After the defeat of Gus, however, Walter White — Ozymandias, King of Kings — is undone by his own ego and ambition. His pride-fueled carelessness leads to Hank discovering his identity as Heisenberg, which eventually leads to Hank’s death, Walter losing his family, and ultimately Walter’s death. With Cersei — Queen of Queens — we are now on the precipice of her Ozymandias arc. As Maggy the woods witch revealed to Cersei at 15, she will ultimately be replaced by a younger, more beautiful Queen. Cersei’s reign will not last long, but it will be interesting to see if, like Walt, she attempts to redeem herself before she’s replaced by Daenerys Stormborn. She cannot save herself, but she might be able to save her brother and lover, Jaime Lannister, who — like Jesse Pinkman — is a better person than his acts would suggest.
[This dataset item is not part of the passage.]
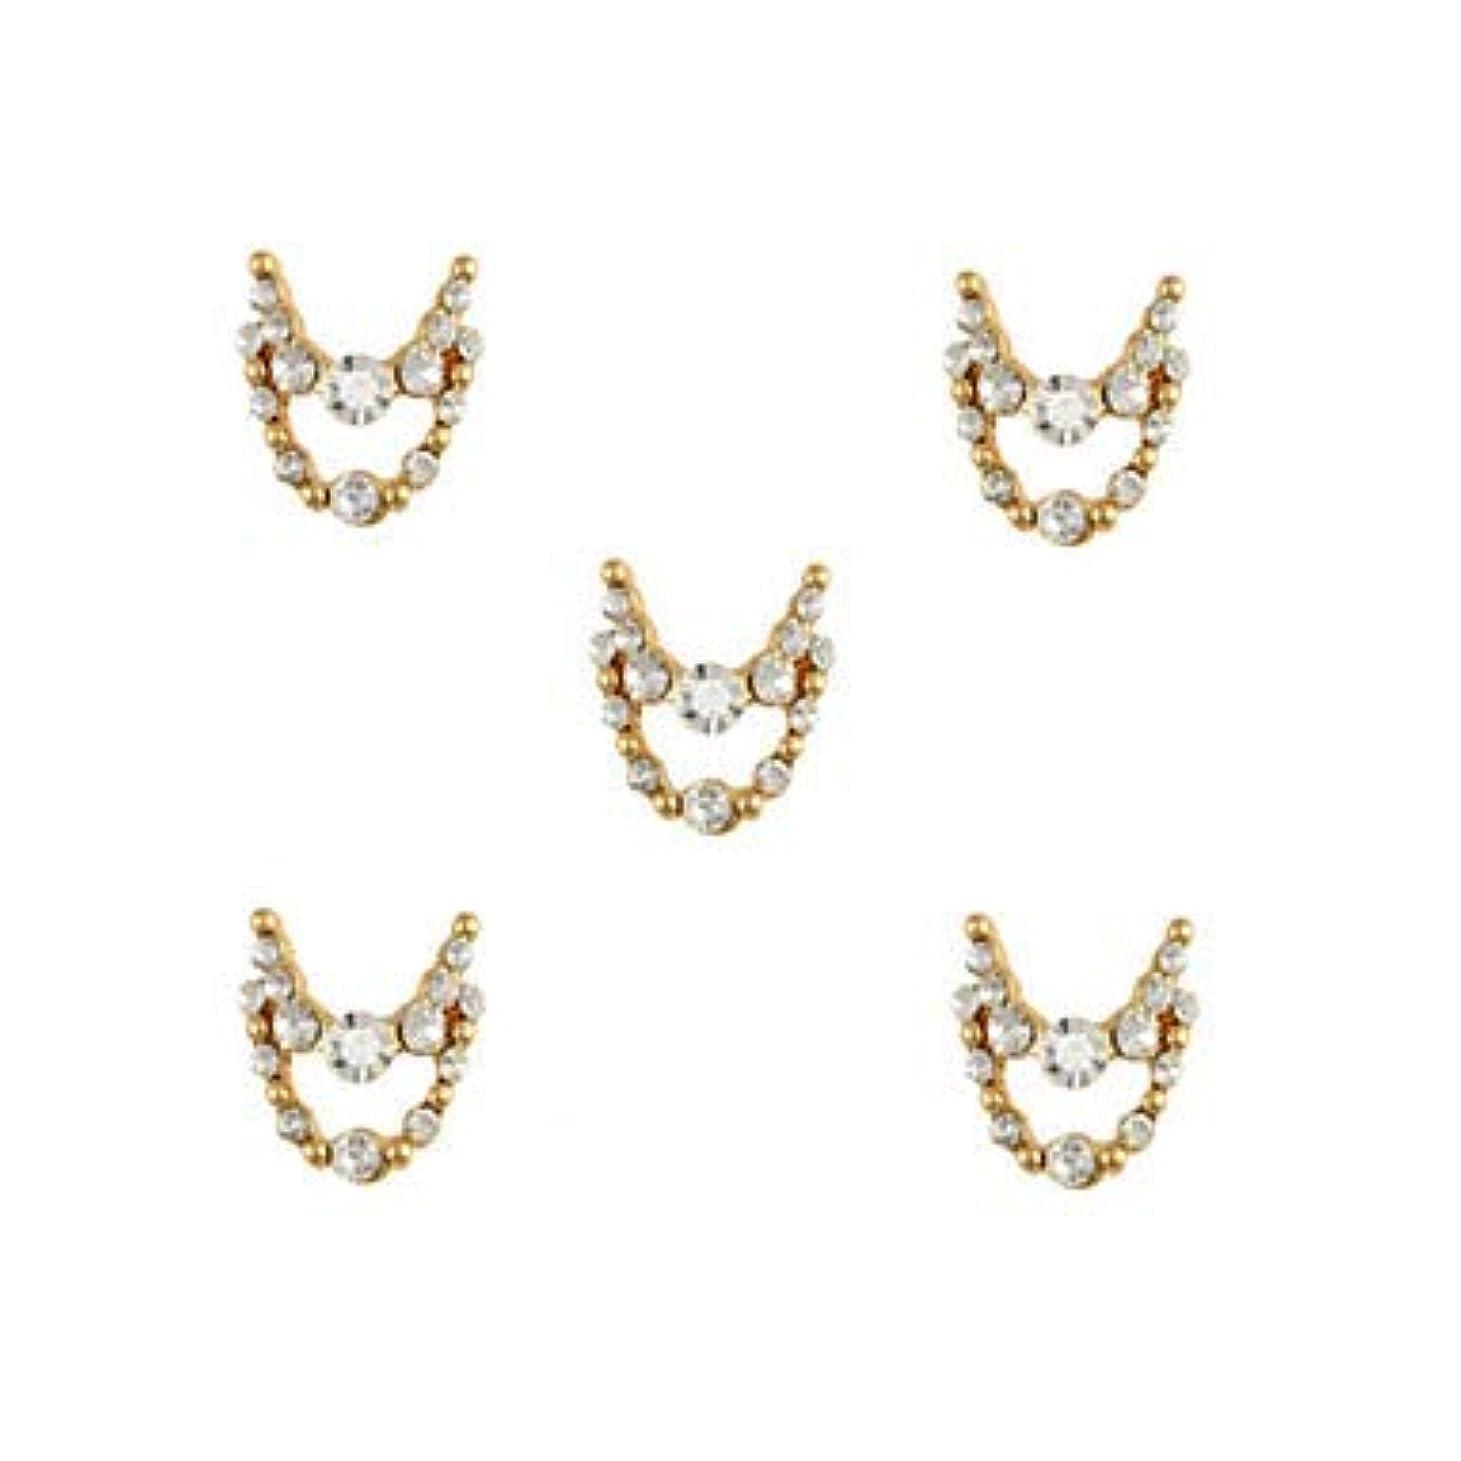 センチメンタル大陸アミューズ明確なラインストーン3dチャーム合金ネイルアートの装飾が付いている10個入りゴールドネックレスブラブラ

What goes up, must come down, and what’s so appealing about these characters is how easy it is to sympathize with them even as they commit increasingly deplorable acts. We are so invested in them that, even as they cross unthinkable moral lines — think Walter White whistling while melting a dead boy in a barrel of lye or Cersei subjecting the Shame Nun to the rape and torture of The Mountain — we find it difficult to sever our attachments. We understand why they must fall, but there’s a dark part of ourselves that nevertheless wants to see them succeed. Jon Snow is noble. Dany is just. But Cersei Lannister is spiteful, malevolent, and vengeful, and that’s a lot more fun to watch.